[Stored items from a collection]
******************************

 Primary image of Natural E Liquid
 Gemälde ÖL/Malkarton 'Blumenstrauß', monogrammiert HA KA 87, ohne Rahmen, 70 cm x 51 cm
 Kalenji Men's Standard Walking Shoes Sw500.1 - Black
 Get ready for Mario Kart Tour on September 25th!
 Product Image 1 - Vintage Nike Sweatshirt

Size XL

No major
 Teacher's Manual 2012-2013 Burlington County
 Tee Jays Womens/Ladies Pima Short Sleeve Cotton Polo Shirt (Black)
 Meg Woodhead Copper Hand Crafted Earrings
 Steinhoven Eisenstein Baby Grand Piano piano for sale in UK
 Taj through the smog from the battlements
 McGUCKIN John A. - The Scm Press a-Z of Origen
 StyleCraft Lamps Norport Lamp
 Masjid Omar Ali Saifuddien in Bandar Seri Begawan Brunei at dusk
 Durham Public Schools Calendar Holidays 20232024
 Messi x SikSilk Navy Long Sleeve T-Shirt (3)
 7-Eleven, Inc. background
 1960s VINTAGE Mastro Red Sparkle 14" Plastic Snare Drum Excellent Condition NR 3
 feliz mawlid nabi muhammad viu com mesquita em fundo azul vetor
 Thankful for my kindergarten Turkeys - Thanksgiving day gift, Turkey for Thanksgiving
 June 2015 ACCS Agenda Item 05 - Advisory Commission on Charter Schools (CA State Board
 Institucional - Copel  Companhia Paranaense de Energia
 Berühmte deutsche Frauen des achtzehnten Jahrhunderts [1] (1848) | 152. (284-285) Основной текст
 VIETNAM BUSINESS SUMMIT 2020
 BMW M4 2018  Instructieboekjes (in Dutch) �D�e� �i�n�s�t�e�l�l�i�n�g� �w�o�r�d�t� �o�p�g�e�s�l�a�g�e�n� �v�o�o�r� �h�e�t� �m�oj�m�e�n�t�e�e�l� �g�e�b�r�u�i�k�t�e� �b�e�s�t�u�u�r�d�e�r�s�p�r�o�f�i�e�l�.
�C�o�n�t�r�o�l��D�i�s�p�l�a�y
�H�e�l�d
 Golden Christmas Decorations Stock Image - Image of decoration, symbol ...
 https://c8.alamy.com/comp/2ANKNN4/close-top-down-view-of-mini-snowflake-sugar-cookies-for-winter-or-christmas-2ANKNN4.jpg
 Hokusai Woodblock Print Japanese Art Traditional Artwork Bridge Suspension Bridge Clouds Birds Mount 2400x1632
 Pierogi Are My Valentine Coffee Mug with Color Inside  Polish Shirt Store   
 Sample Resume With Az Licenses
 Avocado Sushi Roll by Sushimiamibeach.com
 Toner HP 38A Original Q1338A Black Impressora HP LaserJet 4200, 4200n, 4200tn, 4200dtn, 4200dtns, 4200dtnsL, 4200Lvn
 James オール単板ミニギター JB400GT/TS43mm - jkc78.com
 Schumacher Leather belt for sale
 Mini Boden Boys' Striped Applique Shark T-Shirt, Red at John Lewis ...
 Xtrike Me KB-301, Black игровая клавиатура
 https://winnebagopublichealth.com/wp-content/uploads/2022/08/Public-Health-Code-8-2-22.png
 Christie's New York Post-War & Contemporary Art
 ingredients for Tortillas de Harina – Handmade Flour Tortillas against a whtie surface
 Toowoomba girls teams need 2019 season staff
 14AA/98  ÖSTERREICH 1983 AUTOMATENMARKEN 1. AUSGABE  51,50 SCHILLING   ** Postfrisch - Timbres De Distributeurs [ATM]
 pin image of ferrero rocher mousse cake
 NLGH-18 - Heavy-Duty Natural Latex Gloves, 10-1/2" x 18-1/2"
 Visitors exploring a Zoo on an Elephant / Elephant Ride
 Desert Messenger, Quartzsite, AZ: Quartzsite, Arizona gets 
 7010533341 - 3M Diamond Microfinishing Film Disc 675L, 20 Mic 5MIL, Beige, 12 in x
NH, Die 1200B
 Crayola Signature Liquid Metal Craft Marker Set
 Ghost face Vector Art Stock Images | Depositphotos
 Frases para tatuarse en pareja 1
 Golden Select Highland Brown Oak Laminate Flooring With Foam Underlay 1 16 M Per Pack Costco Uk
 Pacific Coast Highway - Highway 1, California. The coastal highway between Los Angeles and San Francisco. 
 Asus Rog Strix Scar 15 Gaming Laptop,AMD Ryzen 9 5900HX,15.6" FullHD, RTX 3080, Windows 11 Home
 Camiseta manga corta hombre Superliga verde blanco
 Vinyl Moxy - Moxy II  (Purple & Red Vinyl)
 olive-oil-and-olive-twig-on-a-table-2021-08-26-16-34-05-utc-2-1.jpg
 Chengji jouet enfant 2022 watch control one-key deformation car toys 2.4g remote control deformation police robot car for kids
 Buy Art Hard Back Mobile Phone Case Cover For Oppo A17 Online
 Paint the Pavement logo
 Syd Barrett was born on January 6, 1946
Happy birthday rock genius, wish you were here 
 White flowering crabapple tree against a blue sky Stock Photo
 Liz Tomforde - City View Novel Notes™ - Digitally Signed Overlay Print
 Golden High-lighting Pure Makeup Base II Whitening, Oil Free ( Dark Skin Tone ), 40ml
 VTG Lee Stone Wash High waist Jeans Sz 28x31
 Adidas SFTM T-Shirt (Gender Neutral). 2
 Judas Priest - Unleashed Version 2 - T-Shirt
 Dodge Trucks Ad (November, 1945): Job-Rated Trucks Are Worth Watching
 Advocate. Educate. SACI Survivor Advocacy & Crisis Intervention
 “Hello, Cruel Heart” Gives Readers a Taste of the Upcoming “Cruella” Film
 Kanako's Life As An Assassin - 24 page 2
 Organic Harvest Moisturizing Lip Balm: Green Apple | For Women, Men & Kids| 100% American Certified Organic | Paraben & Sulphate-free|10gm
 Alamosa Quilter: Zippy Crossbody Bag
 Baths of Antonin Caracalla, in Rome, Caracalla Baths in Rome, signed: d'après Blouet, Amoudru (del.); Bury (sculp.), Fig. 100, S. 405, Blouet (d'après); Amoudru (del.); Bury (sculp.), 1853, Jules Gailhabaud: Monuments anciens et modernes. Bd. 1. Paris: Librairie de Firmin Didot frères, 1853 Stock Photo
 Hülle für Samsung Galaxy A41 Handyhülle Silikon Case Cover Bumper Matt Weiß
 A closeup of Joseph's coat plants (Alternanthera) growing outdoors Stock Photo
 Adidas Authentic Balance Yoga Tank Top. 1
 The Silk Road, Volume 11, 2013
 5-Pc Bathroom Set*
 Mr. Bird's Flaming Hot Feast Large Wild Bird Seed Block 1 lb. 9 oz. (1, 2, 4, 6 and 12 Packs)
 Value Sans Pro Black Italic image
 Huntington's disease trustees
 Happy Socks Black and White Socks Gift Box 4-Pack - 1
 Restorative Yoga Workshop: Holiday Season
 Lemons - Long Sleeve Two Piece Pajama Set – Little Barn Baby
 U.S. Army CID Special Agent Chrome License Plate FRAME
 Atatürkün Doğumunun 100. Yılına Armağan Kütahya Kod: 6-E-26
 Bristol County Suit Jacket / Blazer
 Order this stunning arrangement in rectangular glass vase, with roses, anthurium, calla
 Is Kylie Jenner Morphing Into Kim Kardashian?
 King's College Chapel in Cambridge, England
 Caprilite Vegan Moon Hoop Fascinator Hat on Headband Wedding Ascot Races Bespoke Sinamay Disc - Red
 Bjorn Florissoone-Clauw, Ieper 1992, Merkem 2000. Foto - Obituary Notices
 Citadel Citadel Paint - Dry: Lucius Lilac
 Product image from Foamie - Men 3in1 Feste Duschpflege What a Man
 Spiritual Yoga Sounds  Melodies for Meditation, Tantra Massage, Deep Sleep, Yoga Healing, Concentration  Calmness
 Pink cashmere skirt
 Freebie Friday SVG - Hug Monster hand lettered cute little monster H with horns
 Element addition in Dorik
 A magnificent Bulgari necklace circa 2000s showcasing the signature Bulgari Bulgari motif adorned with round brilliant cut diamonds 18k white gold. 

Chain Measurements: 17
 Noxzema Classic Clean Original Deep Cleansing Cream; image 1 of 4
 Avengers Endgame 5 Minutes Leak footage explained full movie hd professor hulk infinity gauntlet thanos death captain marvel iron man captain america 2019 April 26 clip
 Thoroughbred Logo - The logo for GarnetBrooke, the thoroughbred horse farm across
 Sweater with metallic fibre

******************************

» **Your objective**
The lines running from the start of the data through the one that contains "Tee Jays Womens/Ladies" should be reproduced exactly, and only those.

» **Solution below**
 Primary image of Natural E Liquid
 Gemälde ÖL/Malkarton 'Blumenstrauß', monogrammiert HA KA 87, ohne Rahmen, 70 cm x 51 cm
 Kalenji Men's Standard Walking Shoes Sw500.1 - Black
 Get ready for Mario Kart Tour on September 25th!
 Product Image 1 - Vintage Nike Sweatshirt

Size XL

No major
 Teacher's Manual 2012-2013 Burlington County
 Tee Jays Womens/Ladies Pima Short Sleeve Cotton Polo Shirt (Black)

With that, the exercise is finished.